Rimasi per qualche secondo sepolto sotto quella valanga di mostriciattoli. Poi, deciso più che mai a liberarmi e pervaso da quella rabbia istintiva, diedi fondo al mio potere: scatenai una fortissima onda d’urto che scaraventò le creature fuori dal campo di battaglia, nel tornado. L’onda d’urto raggiunse anche l’essere, che rimase stordito da essa.
Quello fu il momento giusto. Corsi verso di lui… e cominciai a massacrarlo di fendenti e stoccate. Rimasi anche io colpito dall’agilità con il quale maneggiavo quell’arma: nonostante l’avessi utilizzata solo una volta fino a quel momento, riuscivo comunque a maneggiarla in modo impeccabile.
 
Ma… dopo qualche colpo… cominciai ad accorgermi che il mio corpo stava soffrendo. Ad ogni colpo che infliggevo al mio nemico, ero io a soffrire.
 
E se… tutti quei colpi… si stessero ripercuotendo su di me?
 
Dopo aver incassato numerosi colpi, la figura era ancora in piedi. Ero stremato dal dolore; ma la rabbia animava sempre di più la mia voglia di colpire quell’essere, e la sua volontà di rimanere ancora in piedi, di non sottomettersi a me… era un affronto.

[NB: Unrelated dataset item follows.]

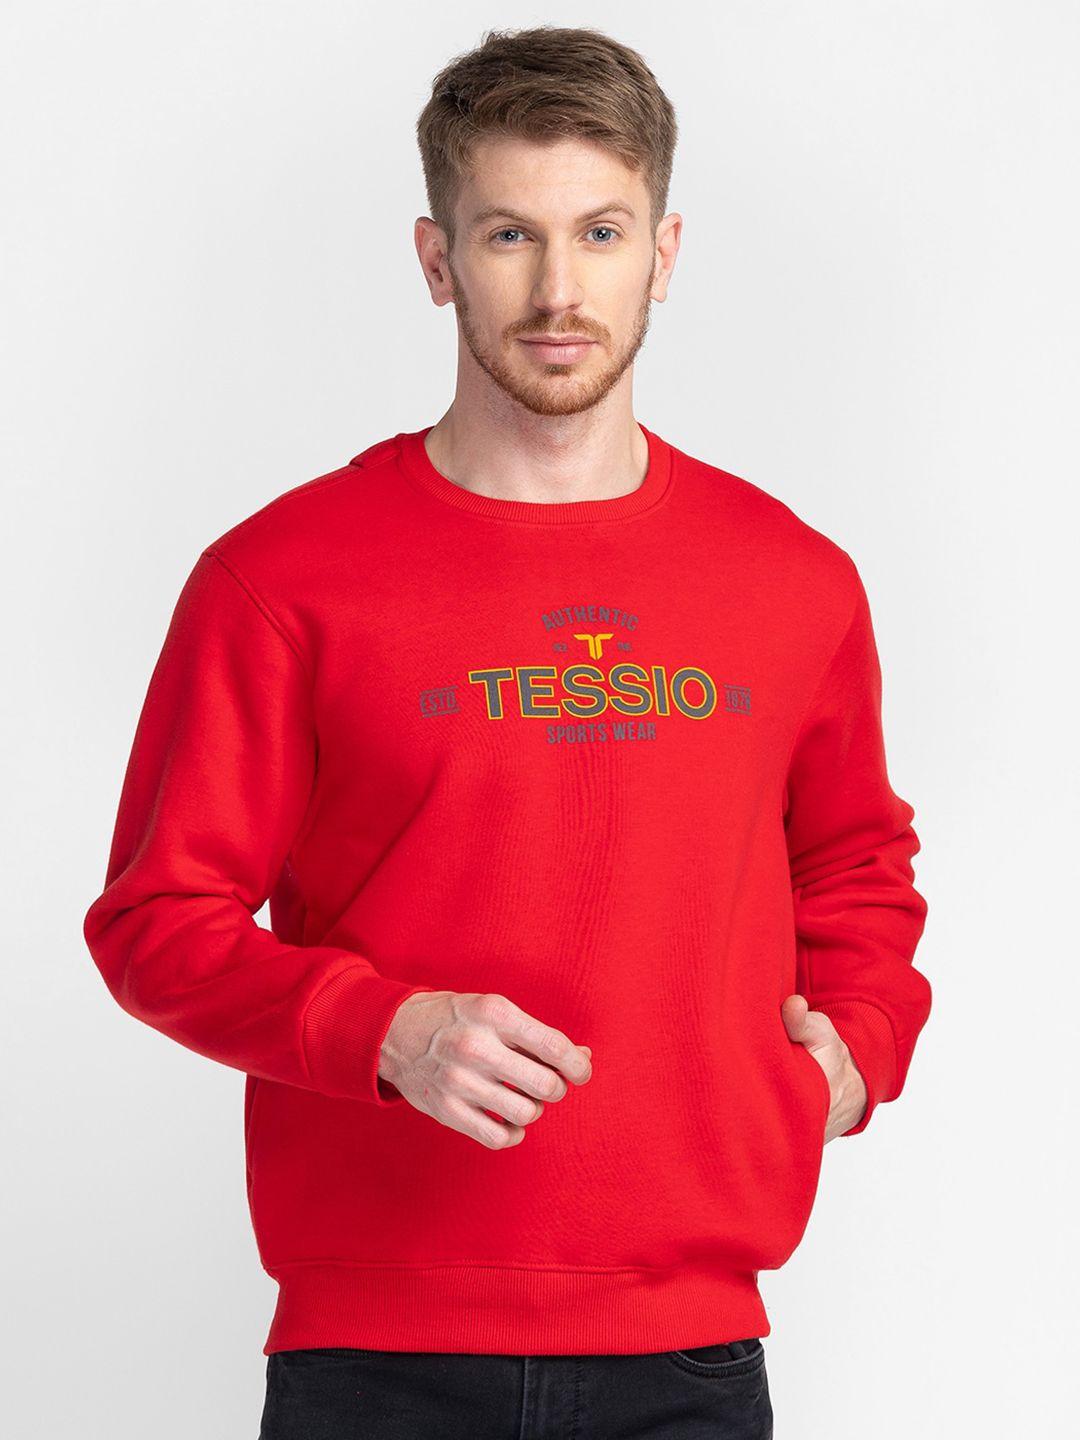 tessio men red printed sweatshirt
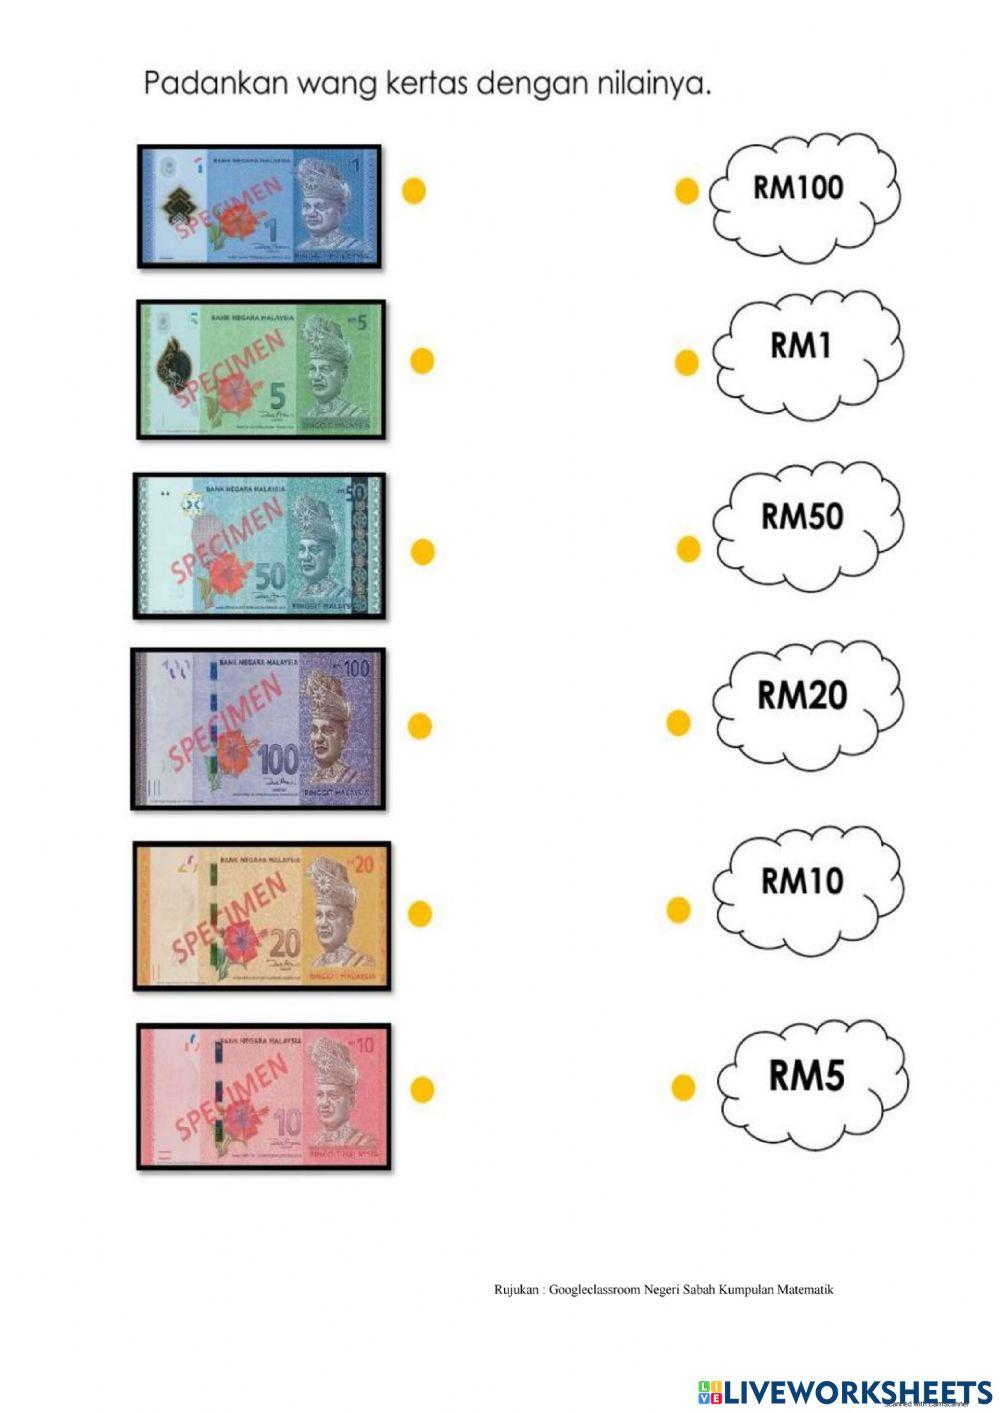 Mata wang malaysia

Corsi verso di lui per colpirlo ancora, ma, quando feci per colpirlo, si volatilizzò. Ma lo sentivo: era dietro di me.
Mi girai lentamente… e lui era lì. Con quella sua aria di indifferenza, che continuava a darmi sempre più sui nervi. In preda alla collera, gridai: “CHI SEI?!”
 
Credo sia giunto il momento di finirla con questa pagliacciata.
Io… sono ciò che sarai. Sono il tuo futuro.